I’ve been writing in a journal for almost 25 years.
Not every day. Not every month.
Some years I barely touch it. Other years I pour everything into it.
But when I look back at old entries: 10, 15, even 20 years ago, I notice the same two themes showing up over and over again:
Fear & Regret
Not in dramatic ways… but in quiet, persistent ways that follow through life.
And the older I get, the more I believe this:
Fear and Regret are permanent traveling companions.
You don’t get rid of them when you succeed.
You don’t get rid of them when you fail.
You don’t outrun them by making more money or reaching a certain title.
You carry them both, everywhere, always.
Fear when things are going well.
Fear of losing momentum.
Fear of messing it up.
Fear of the next shift, the next reorg, the next macroeconomic curveball.
Even in good times, fear whispers:
What if this doesn’t last?
And sometimes there’s regret too:
Regret that you didn’t take a bigger swing, start the business, make the phone call, speak up sooner.
Regret when things aren’t going well.
When you’re between roles, or rebuilding, or going through a transition, regret multiplies fast.
Regret for choices you made.
Regret for the ones you didn’t make.
Regret for not seeing the signs sooner.
And fear creeps in too:
What if this doesn’t get better?
But here’s where it becomes strangely grounding:
The duality never leaves.

Whether you’re thriving or struggling, you experience both emotions.
They’re not signs you’re on the wrong path.
They’re signs you’re human.
There’s relief and perspective in that.
Especially during the months where I’ve been between jobs, redefining my next chapter, trying to see the bigger picture.
It reminds me of that line:
“Miles to go before I sleep.”
It’s all temporary, the good times, the bad times, the uncertainty, the clarity.
You never stay anywhere forever.
The Leadership Layer
This applies even more deeply to leadership, especially in Customer Success.
CS leaders carry an unusually heavy emotional load:
• Decisions that impact customers
• Decisions that impact revenue
• Decisions that impact people’s careers
• The responsibility to be both optimistic and brutally realistic
• Constant scrutiny
• The pressure to be resilient for everyone else
Every decision has a shadow.
Fear you’re choosing wrong.
Regret you didn’t act faster or move slower and more deliberately.

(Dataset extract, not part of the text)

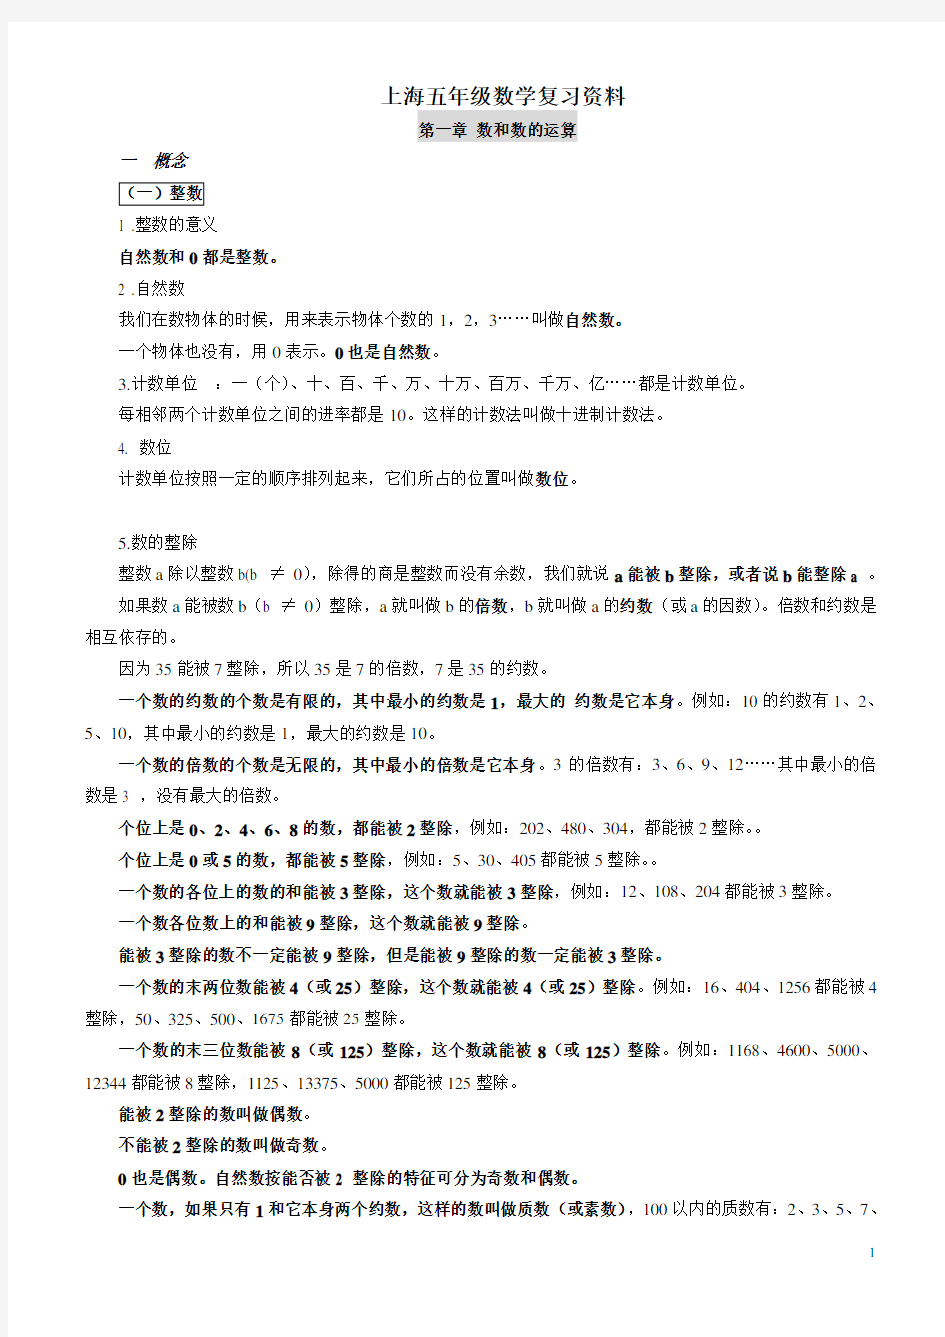 (完整word版)上海五年级数学复习资料

Fear someone will question your judgment.
Regret about conversations you should have had earlier.
And today, when being “contrarian” is fashionable, every decision feels like an invitation for someone to challenge it.
But the best leaders I’ve worked with (and the kind I try to be) aren’t the ones who make perfect decisions.
They’re the ones who:
• Make decisions despite fear
• Accept full accountability even when uncomfortable
• Don’t hide behind committees or consensus
• Don’t crumble when someone disagrees
• Keep moving forward when others freeze
• Admit when they’re wrong and course-correct fast
Real strength is continuity.
It’s the willingness to continue leading while carrying both fear and regret, without letting either one dominate you.
Why This Matters in 2026
The world is volatile.
Leadership expectations have changed.
Customer Success has changed.
The job market has changed dramatically.
You’re never going to feel 100% certain.
You’re never going to eliminate fear.
You’re never going to eliminate regret.
But what you can do is choose action over paralysis.
You can choose movement.
You can choose self-awareness.
You can choose resilience.
You can choose to keep going, no matter the chapter.
And in the end, carrying fear and regret isn’t a flaw.
It’s part of the human experience.
It’s part of leadership.
It’s part of becoming someone capable of navigating an unpredictable world.
You carry both emotions with you.
The question is: What do you do next?
Because the people who thrive aren’t fearless.
They’re simply willing to move forward with fear and regret and not let either one define them.